Thanks, everyone. After reading the various replies, I'm realizing that dough temperature is probably the cause of many of my bread baking disappointments. As for the disaster of my OP, here's more detail on how I made it:

- formula and method: Breadwerx, 50% WW Sourdough, amounts 1.5% of his.
- Day 1: late afternoon mixed to shaggy ball: flour, water (no temp adjustment; filtered from tap), salt. Put in fridge. At bedtime, put on counter.
- Day 2: I should've added starter first thing in a.m., but it hadn't peaked so I had to wait until 11:00. Starter was very active. Started stretch and folds at 12:15, did 5 ending at 4:00. Pre-shaped. Shaped. Started proofing at 4:45.
- My plan was to bake that evening but I saw not much was happening and then it got late, so I stuck it in the fridge.
- Day 3: Removed from fridge at 6:15 am. Put in 515F oven at 7:15. The rest is on my OP.

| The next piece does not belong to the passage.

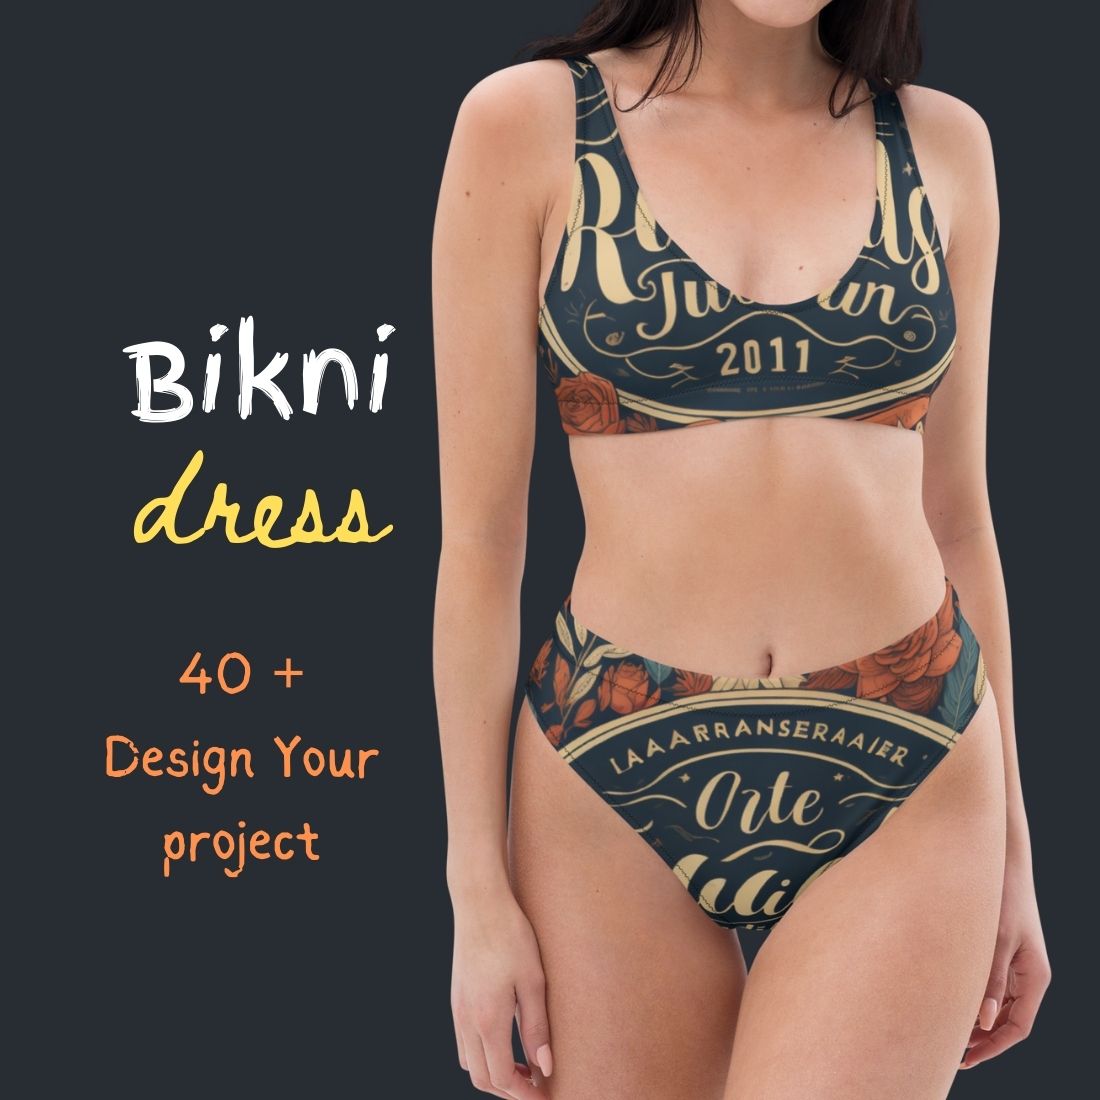 Bikini new style for ladies preview image.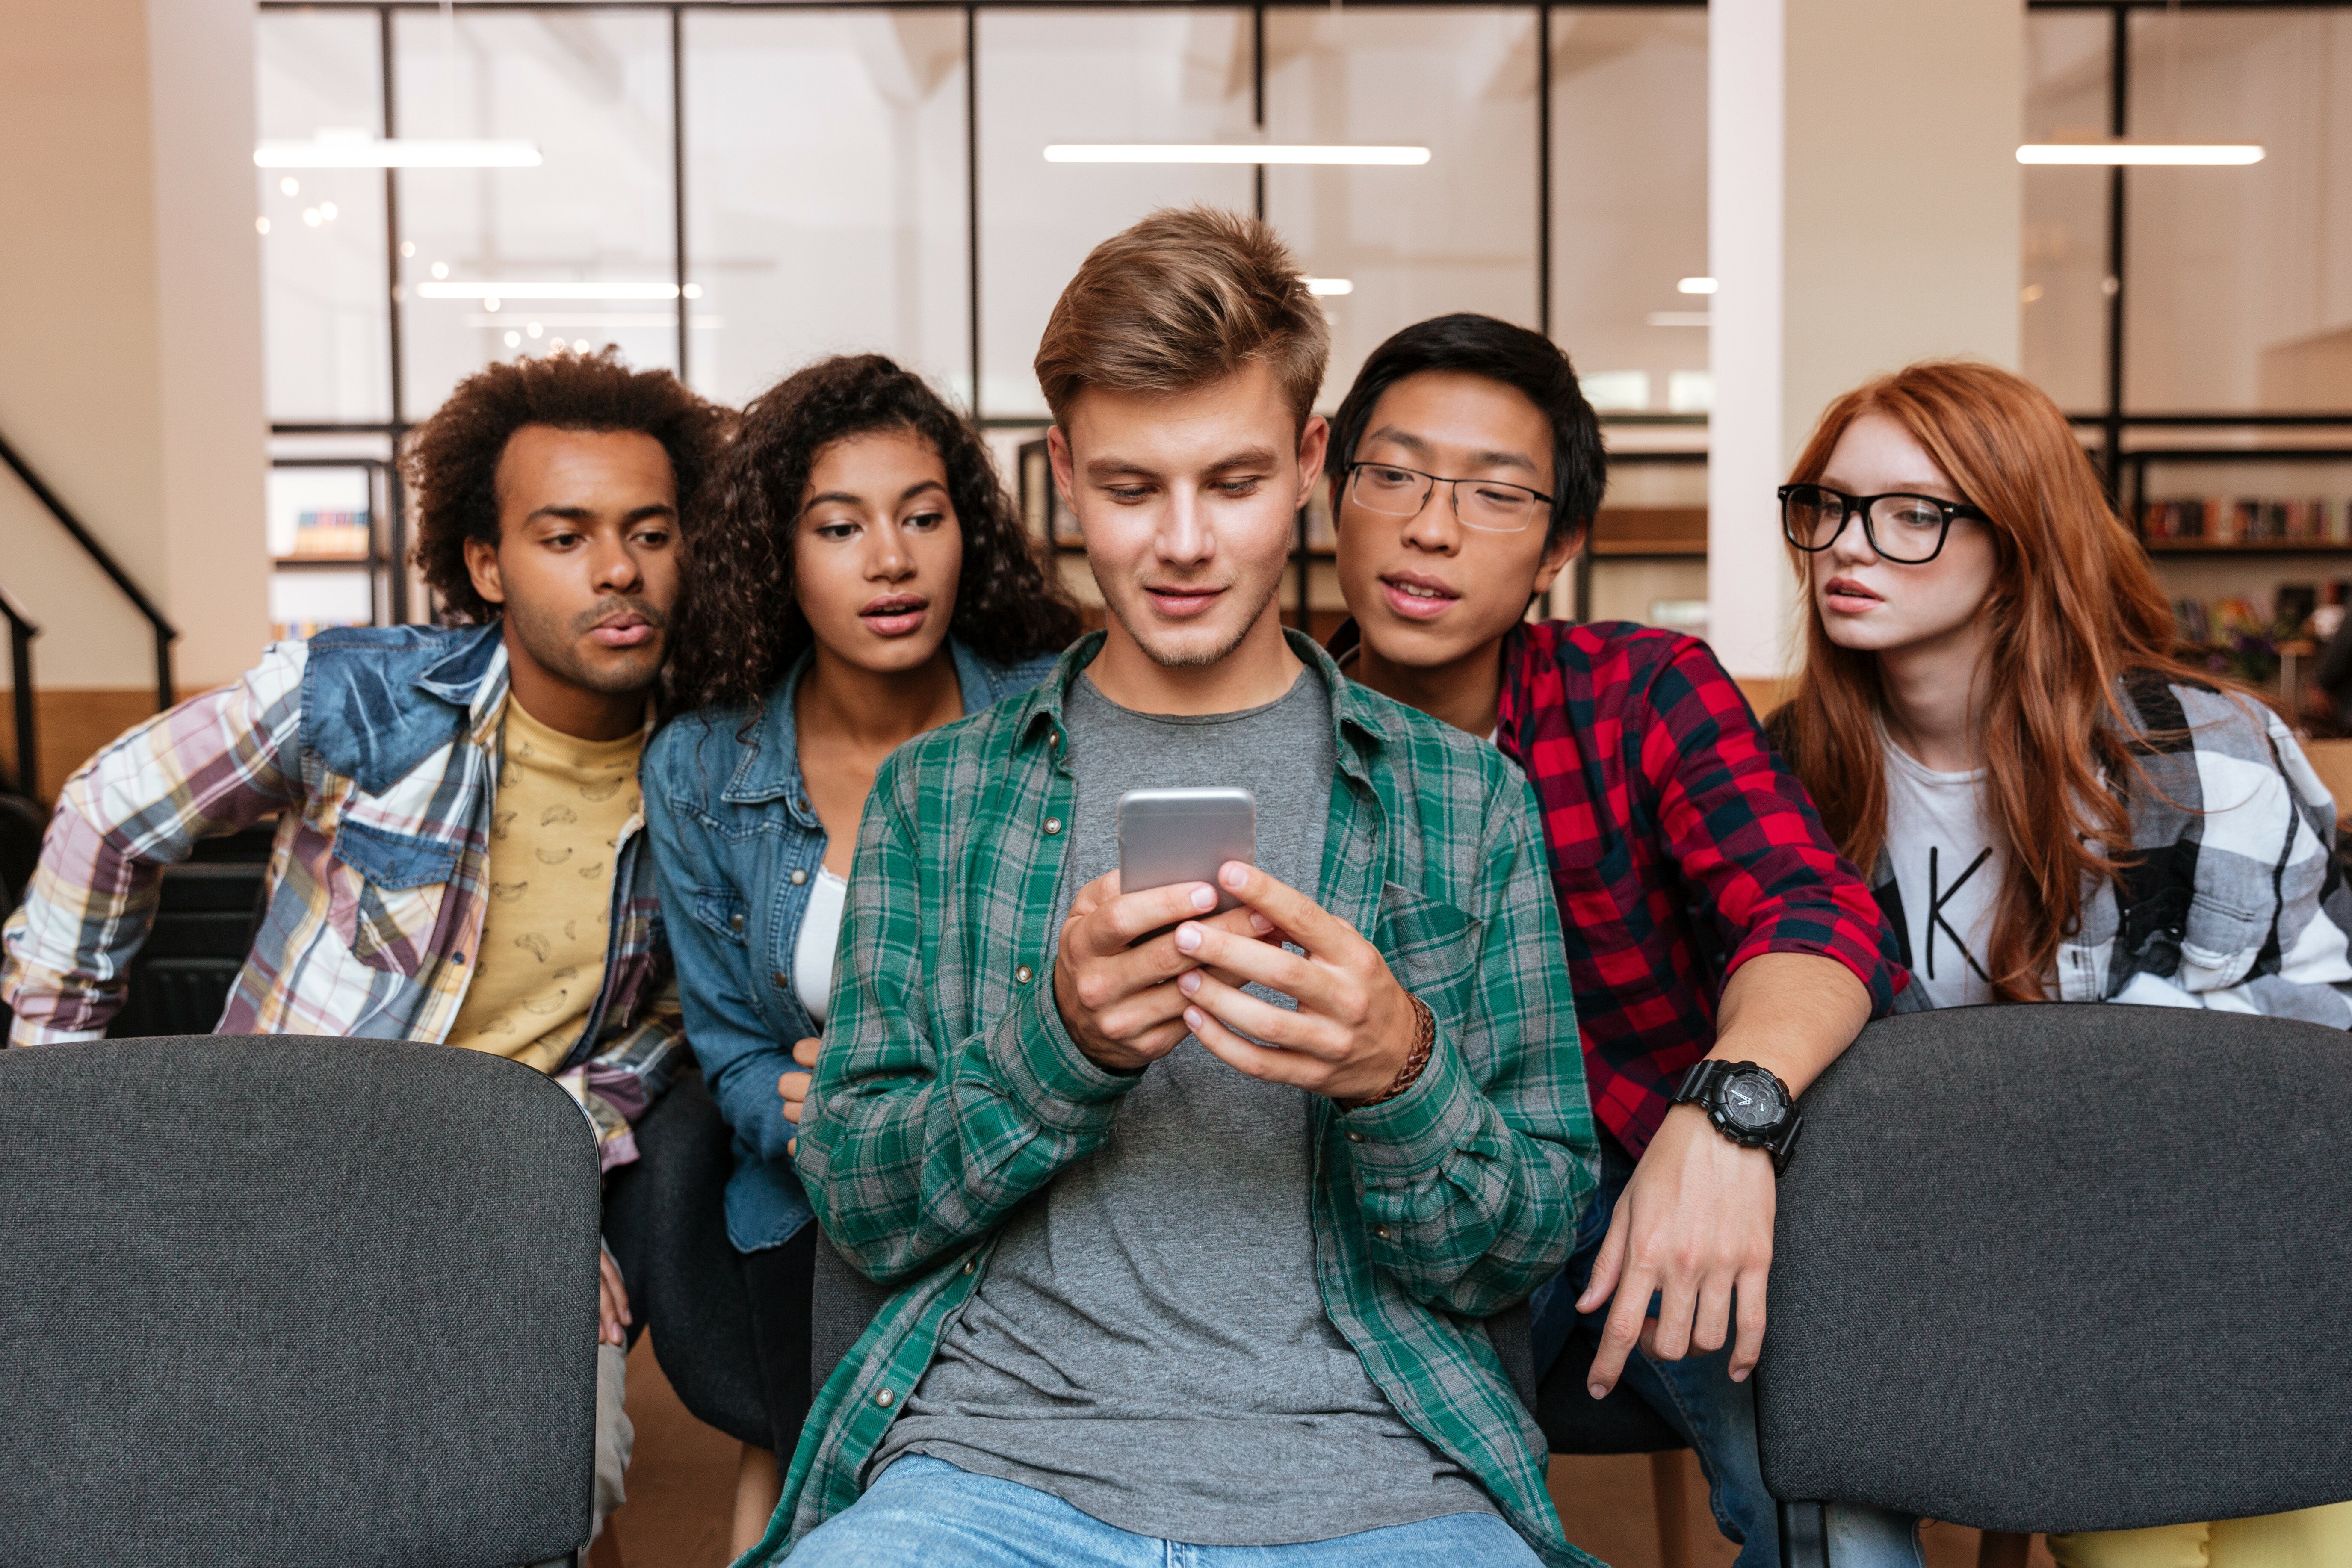 Cover image for  article: Understanding Gen Z and Millennials with ViacomCBS' Wired for Mobile Study

All this time, morning ambient temp in kitchen is in fact worse than the 59 I thought. It more like 55F. Daytime is a bit more, maybe 60. We like a cold house...

On the one hand, the internal cavern is an obvious failure. But also, the outer sheen and smoothness and lack of texture difference where slashes are is another. Maybe all connected. My husband thinks the misting (cold water...) created a coating that the gasses could not break through. So they popped inside and created the cavern.

Sometimes I do things to create a warmer environment. For example, for starter, I put jar in bowl of warm water. Or I turn oven on for 10 seconds, leave light on, etc. It's all a hassle and I never get consistency. Now I get why professional bakers are always in short-sleeved t-shirts.

Given all this, I agree with Evrenbingol that underproofing is probably the issue here. I had to look up what DDT meant (I am indeed at newbie!) but am now educated somewhat and will work with water temp for sure next time.

Although with this Breadwerx method, since the water was added the night before, I'm not sure it matters. I have to get room temp dough up to 80F (what Evrenbingol suggested, I think) when I start bulk fermentation and S&Fs. I guess I'll have to figure out how to do that, or get a proofer.

Filomatic's picture
Filomatic

One way or another it's from being underproofed.  Large holes with tight crumb elsewhere.

SoniaR's picture
SoniaR

The slashes that were about 1/4" deep on raw dough before misting and baking seem to have self-sealed so that no gas could escape. I'm thinking that the sealing in of the gas didn't allow a normal oven spring, but instead acted like a balloon and just puffed up the inside but didn't allow the dough on the bottom to rise. Anyway, that's the theory, all that to say that I wonder what would have prevented the slashes from opening and letting out the gas. Something about the misting?